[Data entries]
★ ★ ★ ★

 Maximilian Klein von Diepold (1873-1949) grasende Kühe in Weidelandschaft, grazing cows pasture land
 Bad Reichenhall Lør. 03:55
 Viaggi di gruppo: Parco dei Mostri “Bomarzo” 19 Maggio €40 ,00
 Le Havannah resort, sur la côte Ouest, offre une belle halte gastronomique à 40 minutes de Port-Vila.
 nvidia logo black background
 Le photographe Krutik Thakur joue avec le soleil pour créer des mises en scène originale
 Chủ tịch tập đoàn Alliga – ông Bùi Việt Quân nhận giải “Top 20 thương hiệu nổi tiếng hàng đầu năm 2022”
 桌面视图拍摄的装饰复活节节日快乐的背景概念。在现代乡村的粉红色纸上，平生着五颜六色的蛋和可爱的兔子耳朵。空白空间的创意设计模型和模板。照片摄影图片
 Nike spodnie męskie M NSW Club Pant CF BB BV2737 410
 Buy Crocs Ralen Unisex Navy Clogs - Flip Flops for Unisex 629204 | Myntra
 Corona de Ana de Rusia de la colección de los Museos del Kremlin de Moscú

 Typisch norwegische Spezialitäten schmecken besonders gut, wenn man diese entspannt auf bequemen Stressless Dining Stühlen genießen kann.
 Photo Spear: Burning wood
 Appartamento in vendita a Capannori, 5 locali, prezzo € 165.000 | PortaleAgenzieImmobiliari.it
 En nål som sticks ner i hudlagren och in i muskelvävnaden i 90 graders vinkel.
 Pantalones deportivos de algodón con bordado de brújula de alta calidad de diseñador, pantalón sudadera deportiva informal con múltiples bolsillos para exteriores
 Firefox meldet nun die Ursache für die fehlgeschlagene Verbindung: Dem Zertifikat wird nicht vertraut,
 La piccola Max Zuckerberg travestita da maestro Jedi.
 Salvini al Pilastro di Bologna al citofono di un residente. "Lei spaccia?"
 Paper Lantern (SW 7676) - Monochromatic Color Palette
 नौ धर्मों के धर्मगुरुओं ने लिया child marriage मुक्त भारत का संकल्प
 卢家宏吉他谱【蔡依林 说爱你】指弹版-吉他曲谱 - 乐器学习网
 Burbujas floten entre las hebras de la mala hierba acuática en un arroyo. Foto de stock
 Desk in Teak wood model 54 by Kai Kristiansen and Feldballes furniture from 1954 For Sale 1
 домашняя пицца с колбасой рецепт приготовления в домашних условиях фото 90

★ ★ ★ ★

- **WHAT IS EXPECTED**
The response must consist solely of the lines from the first line of the entries through the line containing "Nike spodnie męskie", repeated exactly.

- **SOLUTION FOR THIS TASK**
 Maximilian Klein von Diepold (1873-1949) grasende Kühe in Weidelandschaft, grazing cows pasture land
 Bad Reichenhall Lør. 03:55
 Viaggi di gruppo: Parco dei Mostri “Bomarzo” 19 Maggio €40 ,00
 Le Havannah resort, sur la côte Ouest, offre une belle halte gastronomique à 40 minutes de Port-Vila.
 nvidia logo black background
 Le photographe Krutik Thakur joue avec le soleil pour créer des mises en scène originale
 Chủ tịch tập đoàn Alliga – ông Bùi Việt Quân nhận giải “Top 20 thương hiệu nổi tiếng hàng đầu năm 2022”
 桌面视图拍摄的装饰复活节节日快乐的背景概念。在现代乡村的粉红色纸上，平生着五颜六色的蛋和可爱的兔子耳朵。空白空间的创意设计模型和模板。照片摄影图片
 Nike spodnie męskie M NSW Club Pant CF BB BV2737 410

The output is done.